In the Park Slope that Shirin (Desiree Akhavan) calls home, there are no lack of Kickstarter campaigns to fund films that might look an awful lot like “Appropriate Behavior,” the film she finds herself in. Stuck in a quarterlife malaise following her breakup with a girlfriend (Rebecca Henderson) and not enough of a self-starter to actually do much about the career she wants as a video artist, Shirin has become a bit of a cliche though as she’ll prove time and again, she’s well out of step with others for (mostly) better or worse.
Ignorance may be bliss for Shirin since knowledge of what’s going on only seems to create more anxiety, yet Akhavan is quite savvy both in playing her and writing her, following certain well-worn story tropes just to upend them. Akhavan’s Persian heritage certainly adds a different wrinkle to the film, though whether her parents will approve of her sexuality is one of the most conventional of the film’s plotlines.
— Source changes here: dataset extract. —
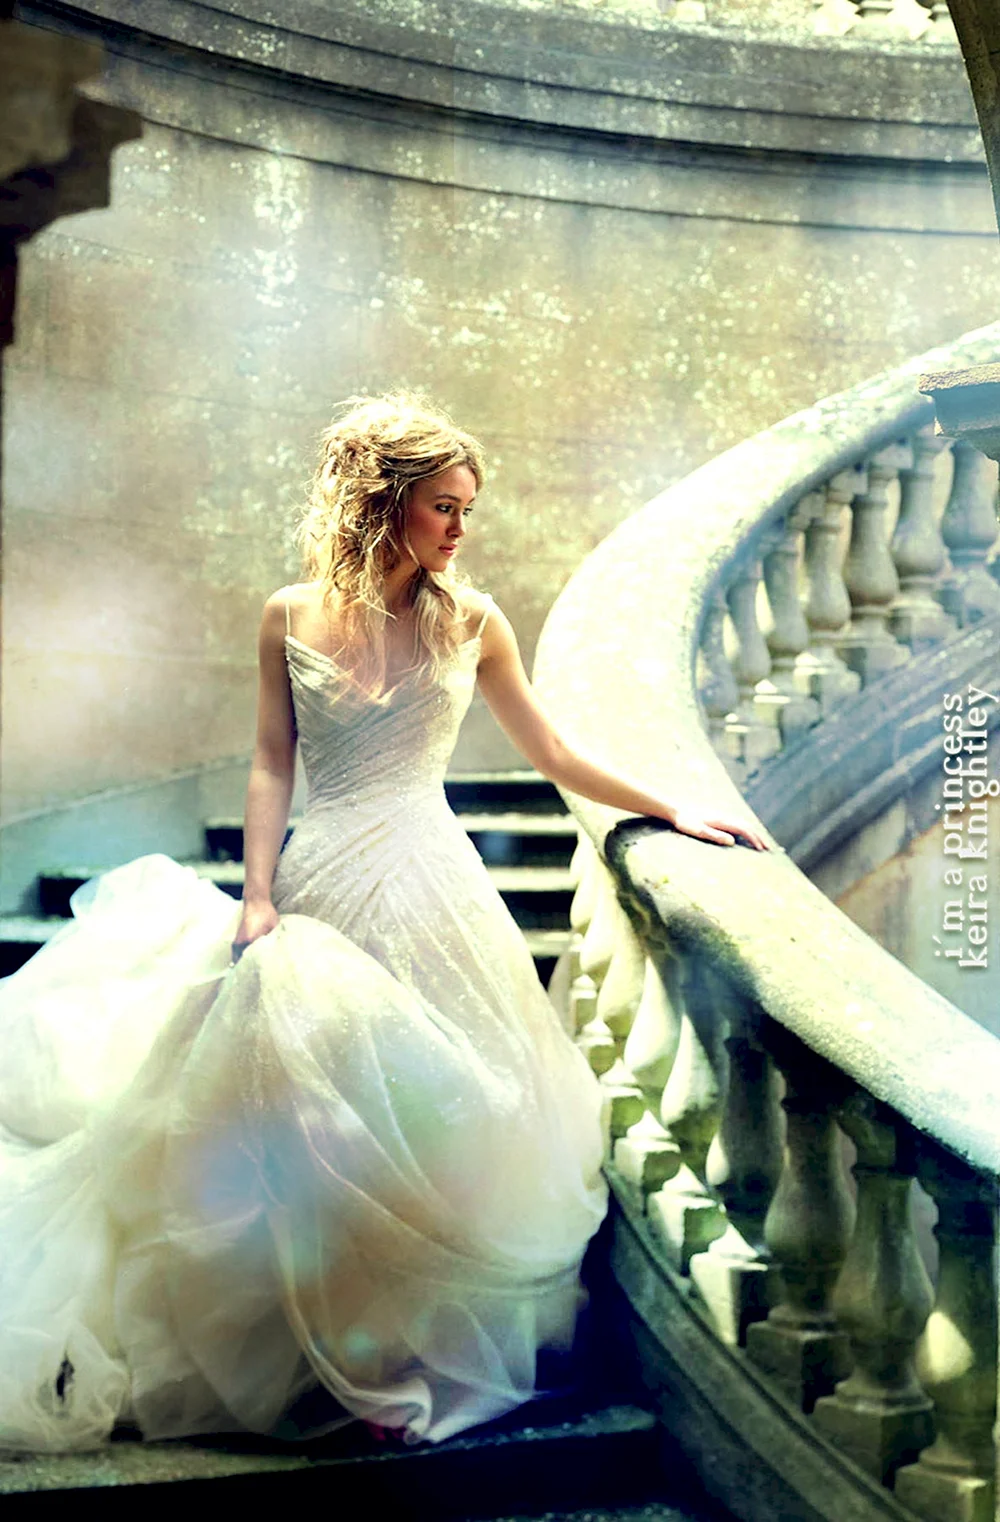 Кира Найтли свадебное платье

However, she demonstrates a distinctive comic voice as Shirin wanders in search of something solid to build upon, noticing everywhere she goes that one piece always seems to be out of place, whether it’s the filmmaking class she’s offered to teach…for five-year-olds or the threesome she’s invited to take part in where she realizes she’s a third wheel.
As a filmmaker, Akhavan is clearly a fan of constructing big comic moments, but it’s her keen observational eye and her self-awareness of who she is as a performer that tend to produce the most gutteral laughs. Even as she leans heavily on Shirin’s discomfort with anything remotely difficult in life, there’s a comfort within her own skin that proves slyly seductive as the center of attention, even amongst such proven scene-stealers as Halley Feiffer and “30 Rock”’s Scott Adsit. While “Appropriate Behavior” doesn’t refrain from the easy targets of Brooklyn hipster culture, with its lingerie shops that sell self-esteem along with their bras and parties populated with dudes with waxed Salvador Dali mustaches, it also envisions the borough as a place for Shirin to indulge her worst impulses and become as trapped by the life she carved out for herself as the one her parents would’ve wanted for her.
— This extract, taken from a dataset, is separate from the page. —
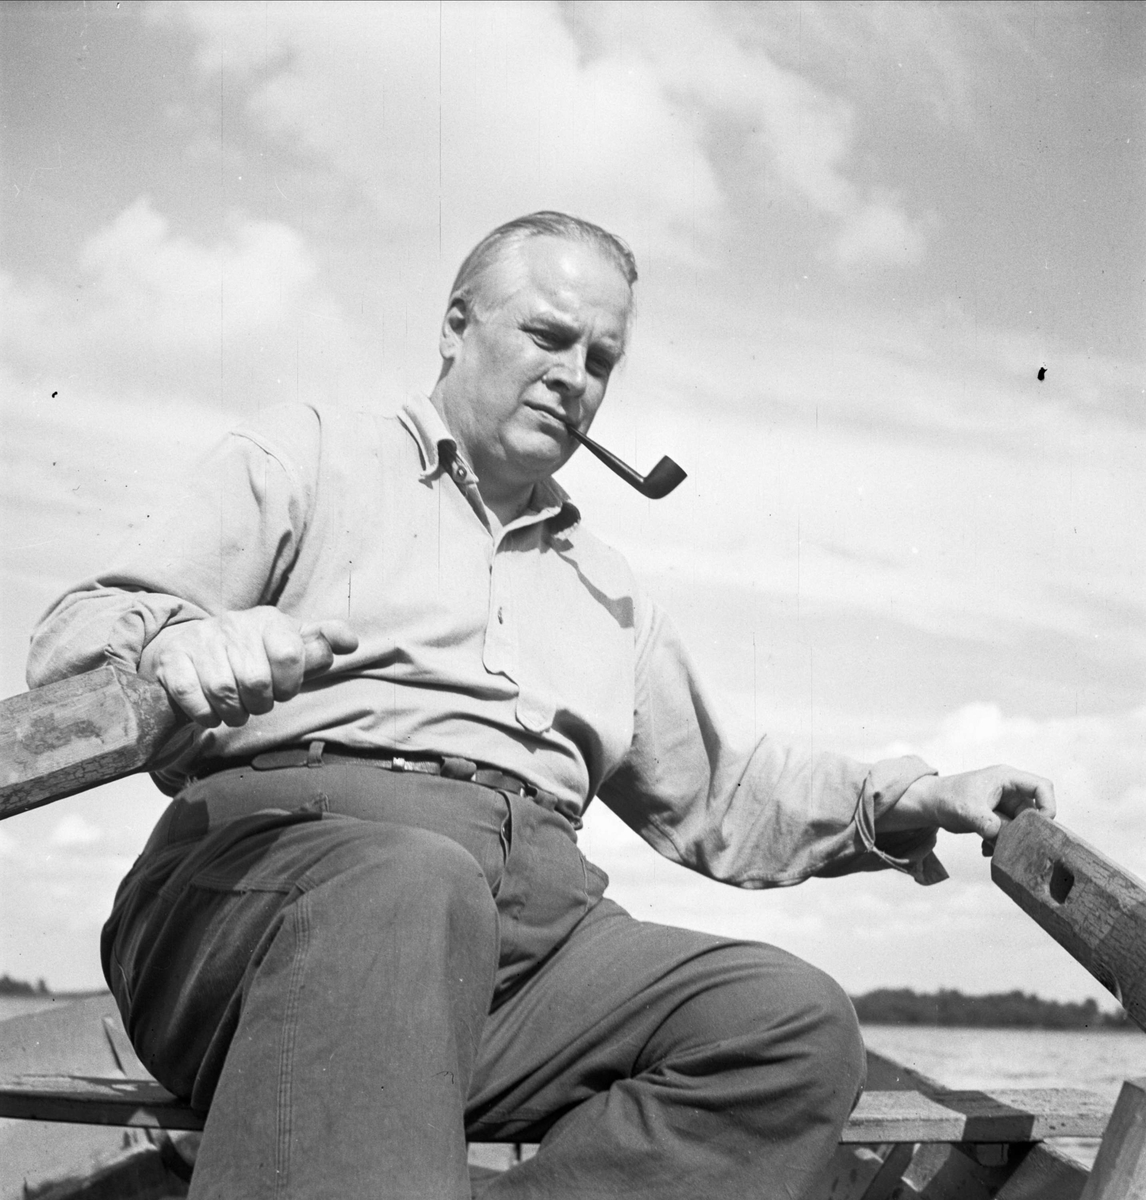 Redaktör Stig Carlbring på sommarnöjet, Uppland 1954

Of course, “Appropriate Behavior” joins a collection of recent productions out of Brooklyn such as “Obvious Child” and “Fort Tilden” to investigate the cause of postponed adulthood while disproving the stereotype in the area by virtue of being made by filmmakers not far removed from the age of their main protagonists, if at all. That Akhavan has already been recruited by the most prominent of these ongoing concerns, Lena Dunham’s “Girls,” is hardly a surprise, though it’d be a shame if she were relegated to supporting player status for long. With a debut that announces an exciting and unique talent, Akhavan may play someone without direction onscreen, yet the same can’t be said for her off.